A visualization system was built to map the regional and temporal distribution of anxiety psychology by combining spatio-temporal information using SNS (Twitter) with sentiment analysis. A Twitter message collecting crawler was also developed to build a dictionary and tweet corpus. Based on these, an automatic classification system of anxiety-related messages was developed for the first time in Korea by applying machine learning to visualize the nationwide distribution of anxiety (See Fig. 4) [5].

Fig. 4.
figure 4

Process of Twitter message classification

An average of 5,500 tweets with place_id are collected using Open API Twitter4j. To date, about 820,000 units of data have been collected. A Naïve Bayes Classifier was used for anxiety identification. An accuracy of 84.8% was obtained by using 1,750 and 70,830 anxiety and non-anxiety tweets as training data respectively, and 585 and 23,610 anxiety and non-anxiety tweets as testing data, respectively.

The system indicated the existence of regional disparities in anxiety emotions. It was found that Twitter users who reside in politicized regions have a lower degree of disclosure about their residing areas. This can be interpreted as the act of avoiding situations where the individual and the political position of the region coincide.

As anxiety is not a permanent characteristic of an individual, it can change depending on the time and situation, making it difficult to measure by questionnaire survey at any given time. The Twitter-based system can compensate for the limitations of such a survey method because it can continuously classify accumulated tweet text data and provide a temporal visualization of anxiety distribution at a given time within a desired visual scale (by ward, city, province and nationwide) as shown in Fig. 5.

Fig. 5.
figure 5

Regional distribution of anxiety in Korean society and visualization by geo-scale

2.4 Big Data-Based Analysis of Noise Environment and Exploration of Technical and Institutional Solutions for Its Improvement

Environmental issues are a major social concern in our age, and interest has been increasing not only in the consequences of pollution but also in the effects of general environmental aesthetics on quality of life. There is much active effort to improve the visual environment, but not nearly as much interest has been given to improve the auditory environment.
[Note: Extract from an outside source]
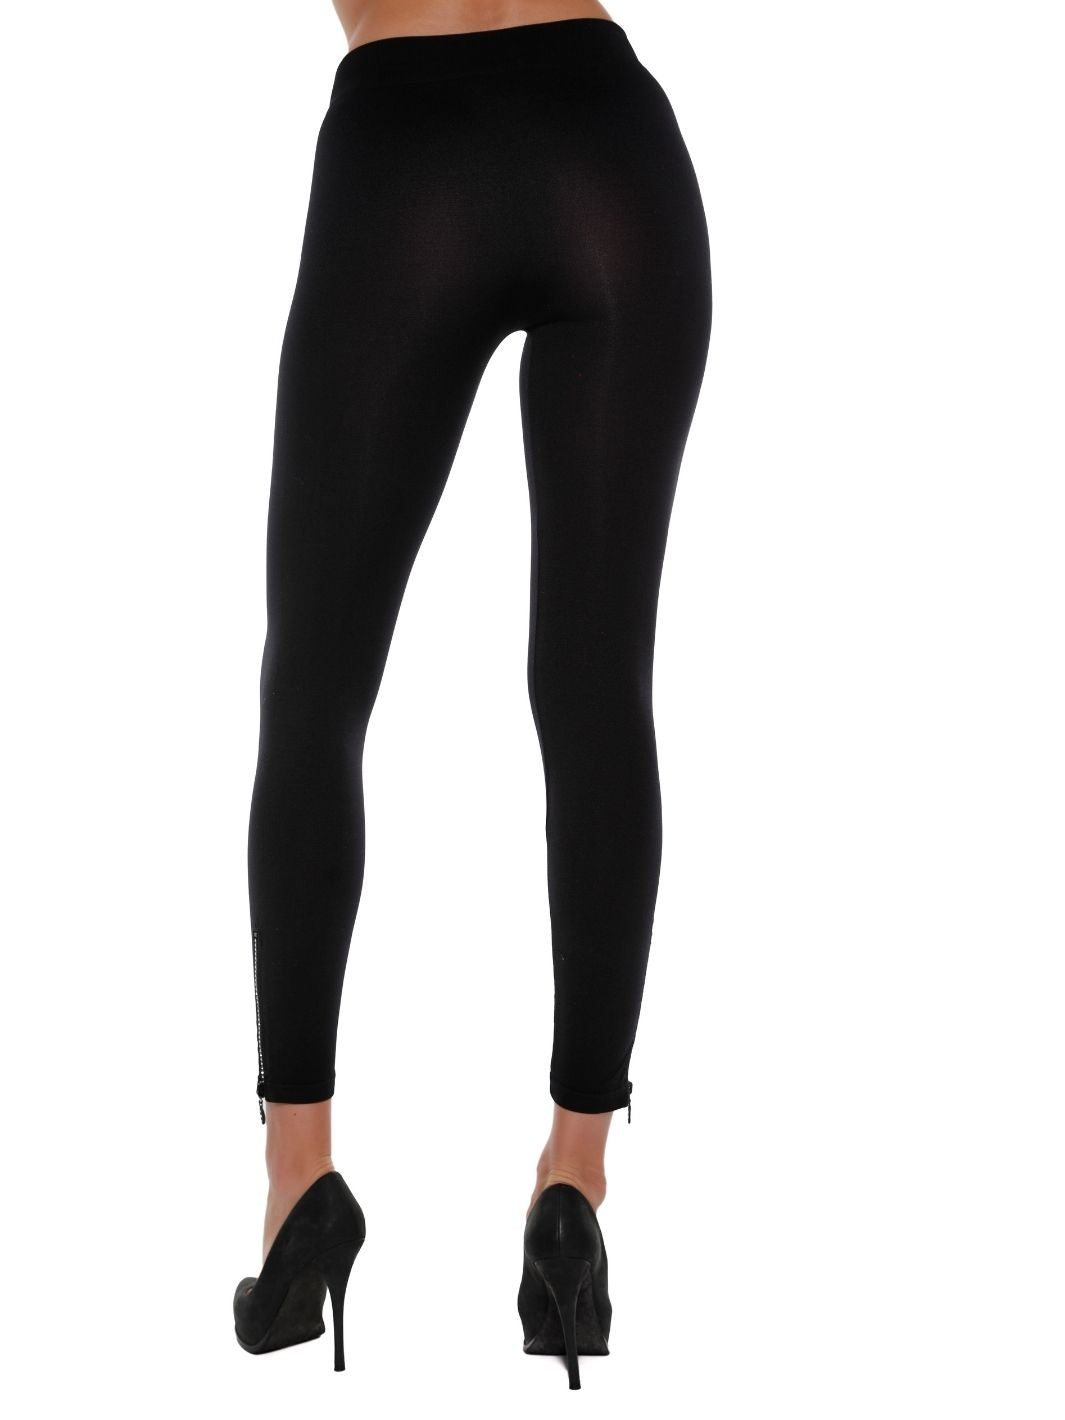 Women's Seamless Leggings with Rhinestone Zipper at the Ankle

Until now, policies on the auditory environment have remained passive countermeasures to simply quantified acoustic qualities (e.g., volume in dB) in specific places such as construction sites, railroads, highways, and residential areas. They lack a comprehensive study of contextual correlations, such as the physical properties of sound, the environmental factors in time and space, and the human emotional response of noise perception.

The goal of this study is to provide a cognitive-based, human-friendly solution to improve noise problems. In order to achieve this, the study aimed to (1) develop a tool for collecting sound data and converting into a sound database, and (2) build spatio-temporal features and a management platform for indoor and outdoor noise sources.

First, pilot experiments were conducted to predict the indicators that measure emotional reactions by developing a handheld device application for data collection.

Three separate free-walking experiments and in-depth interviews were conducted with 78 subjects at international airport lobbies and outdoor environments.

Through the experiment, the behavior patterns of the subjects in various acoustic environments were analyzed, and indicators of emotional reactions were identified. It was determined that the psychological state and the personal environment of the subject are important indicators of the perception of the auditory environment. In order to take into account both the psychological state of the subject and the physical properties of the external sound stimulus, an omnidirectional microphone is used to record the entire acoustic environment.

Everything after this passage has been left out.